By Robert A. Matthews, Jr.
April 01, 2005

For a variety of reasons, manufacturers owning patent rights may find it beneficial to assign their patents to a patent-holding company set up as a wholly owned subsidiary of the manufacturer. Using a holding company to manage a patent portfolio may permit the holding company to take advantage of favorable state tax treatment of licensing revenues. Through the use of a royalty-paying grant-back license to the manufacturer, placing patents in a holding company may help produce a tax deduction for the manufacturer. Administrative conveniences of having one corporate entity focus on maintaining and maximizing the return on patent rights may also justify transferring a manufacturer's patents to a holding company. Some also believe that having a holding company, rather than the manufacturer, enforce patent rights in litigation can make the litigation process easier on the manufacturer.

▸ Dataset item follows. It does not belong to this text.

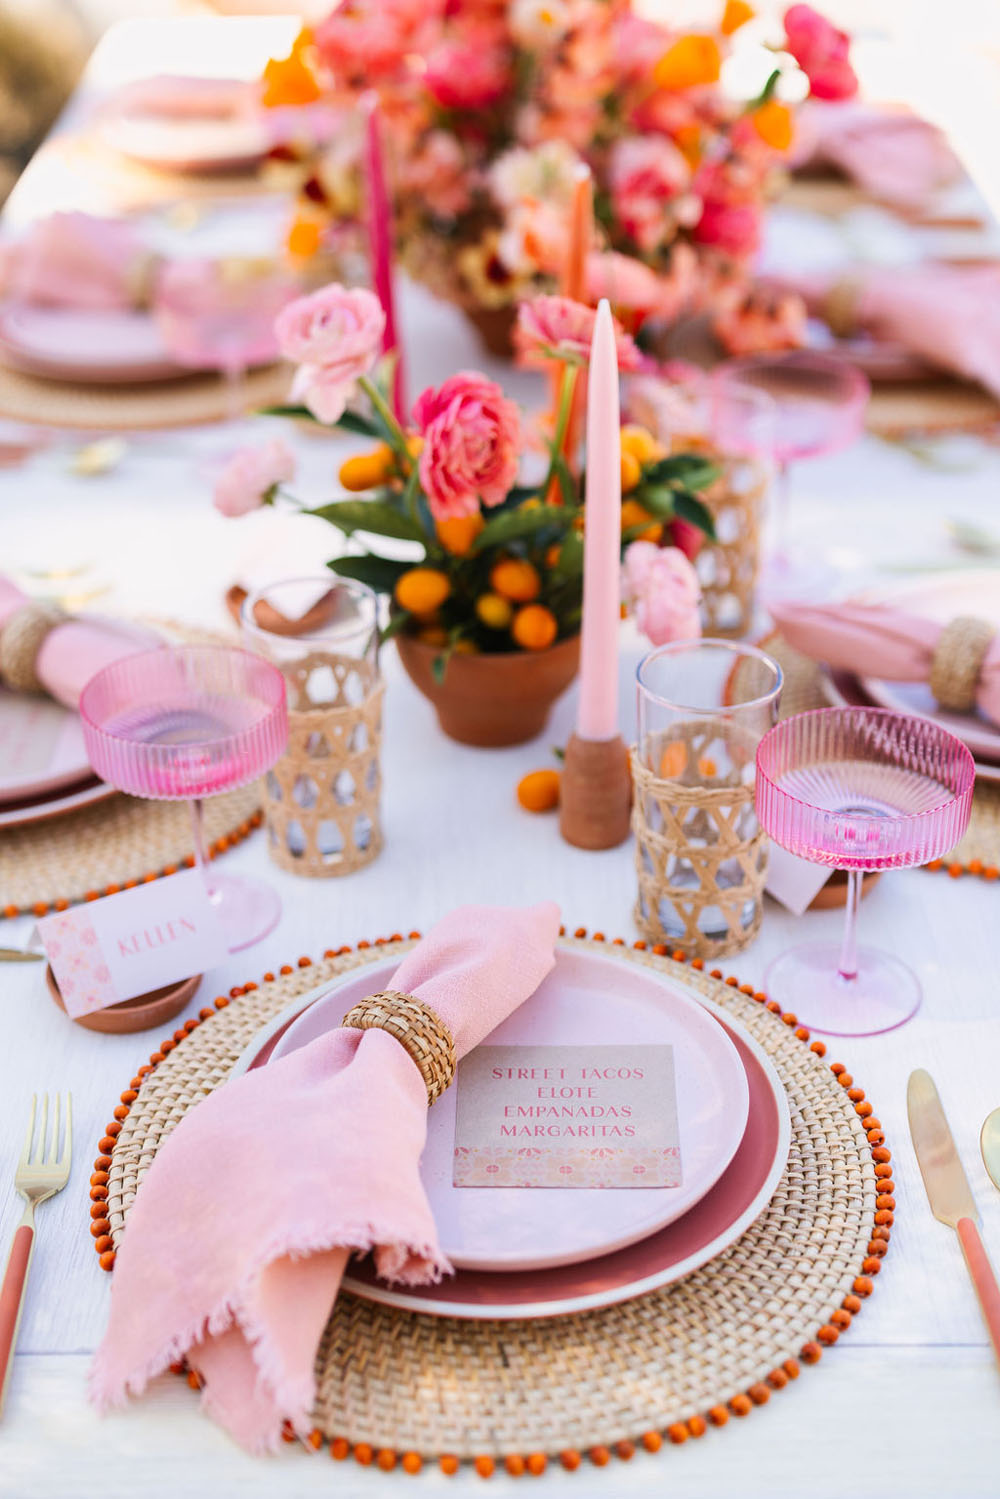 Pink place settings for Cinco de Mayo party from Beijos Events

Whether due to any of the foregoing or for other reasons, it seems evident that many manufacturers have used, and continue to use, patent-holding companies as a vehicle for managing their patents. Transferring a patent to a patent-holding company can impact aspects of enforcing the transferred patent in litigation, especially in regard to standing to bring suit and the ability to recover a manufacturer's lost-profit damages. For the reasons that follow, accused infringers faced with a claim of lost-profit damages in a suit for patent infringement should investigate the ownership history of the asserted patent and determine whether at anytime during the alleged period of infringement a patent-holding company held the rights to the asserted patent.